The terrible facts of this horrible moment really should be enough to say on this score, without drunkenly time-traveling to whatever other historical moment you think your audience happens to know. And if your audience has so limited a frame of reference that it can only be impressed by comparisons to 9/11, then they are not citizens worth communicating with.
They’re either rockheads who will never change their minds—or intellectual weather vanes, able to be turned 180 by every blusterer who comes along. Including the next wise-guy, who will no doubt calculate the per-capita equivalent of how many 9/11s the state of Palestine has just suffered.
And speaking of unintentionally diminishing the significance of this war with a dunderheaded comparison—as I was writing this, a correspondent just called this “the most horrific slaughter of Jews since the Holocaust.”
World War II is the other historical event that Pavlovian pundits point to, as I wrote several years ago when a Republican presidential candidate named Ben Carson was using ill-fitting Nazi analogies:
He uses them, of course, for the same reason Internet trolls resort to them so frequently: He doesn’t know much about the French Revolution, the Russian Revolution, or the Sexual Revolution.

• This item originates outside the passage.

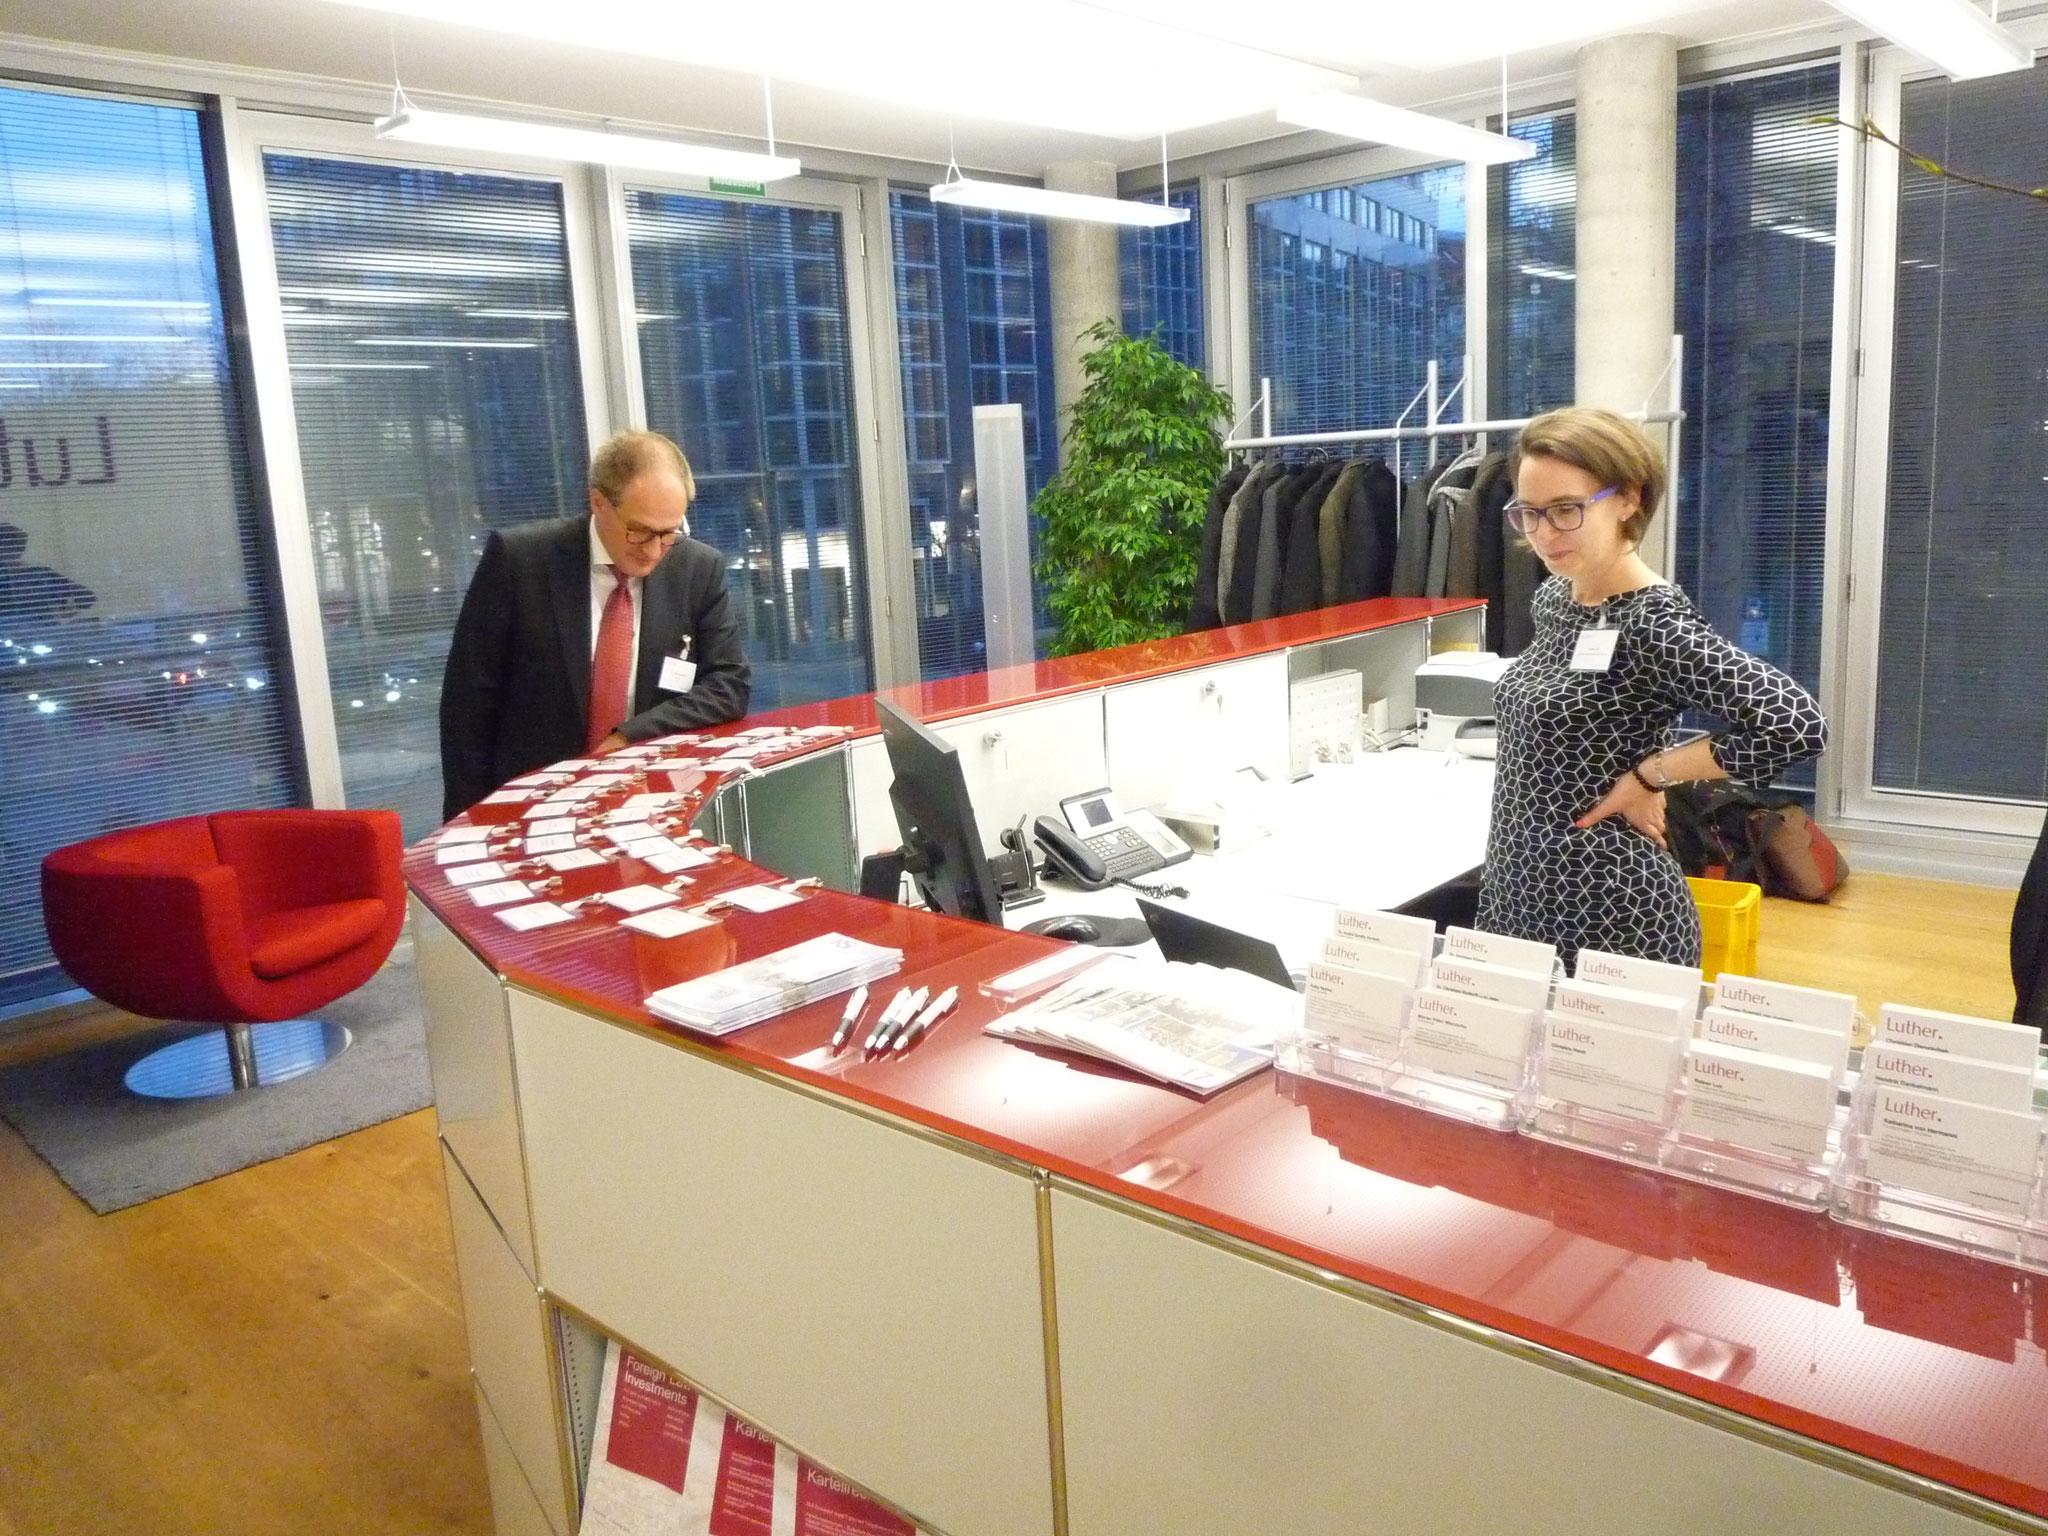 Unser Vorstandsvorsitzender Dr. Andreas Kloyer mit Kollegin kurz vor Beginn der Veranstaltung.

He doesn’t know the Great Potato Famine from the Great Leap Forward. He knows not about Nebuchadnezzar, and little more about ancient Greece, and his idea of ancient Rome is before Mussolini showed up. …

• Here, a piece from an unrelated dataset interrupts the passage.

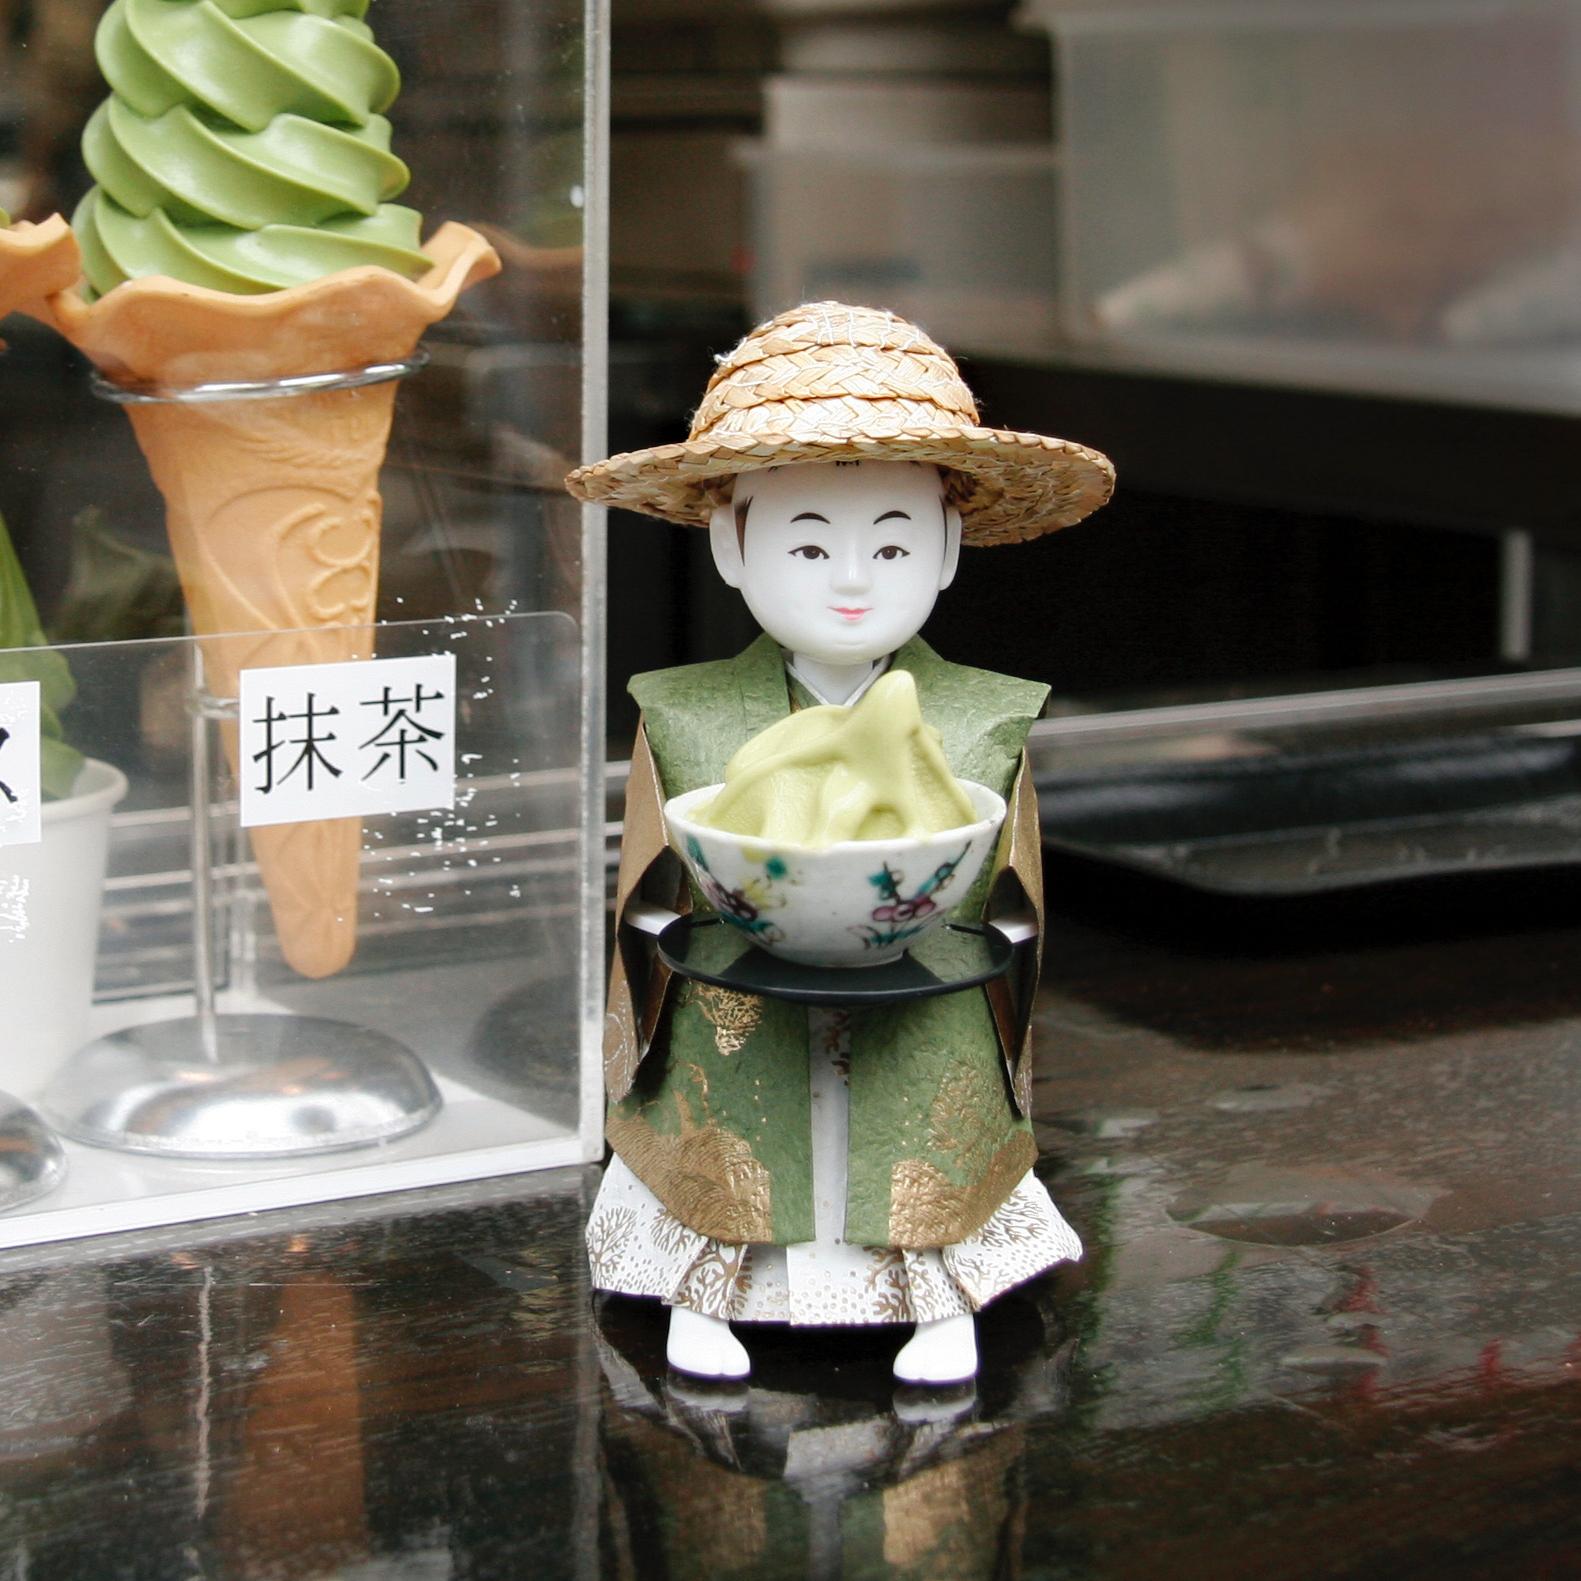 【直送】 復刻版 ミニ茶運び人形 大人の科学マガジン

So when Carson is trying to get ignorant Americans alarmed about social catastrophes going on right under their noses, what’s he going to compare it to? The 100 Years’ War?
People who lean on Nazi references are usually the badly educated attempting to lead the uneducated.
Just like Hitler!
Again: Mine aren’t the most germane remarks of the moment. But dumb historical comparisons are worse than no historical comparisons at all. And they’re not the solution to numb-scrolling, they’re one of the causes.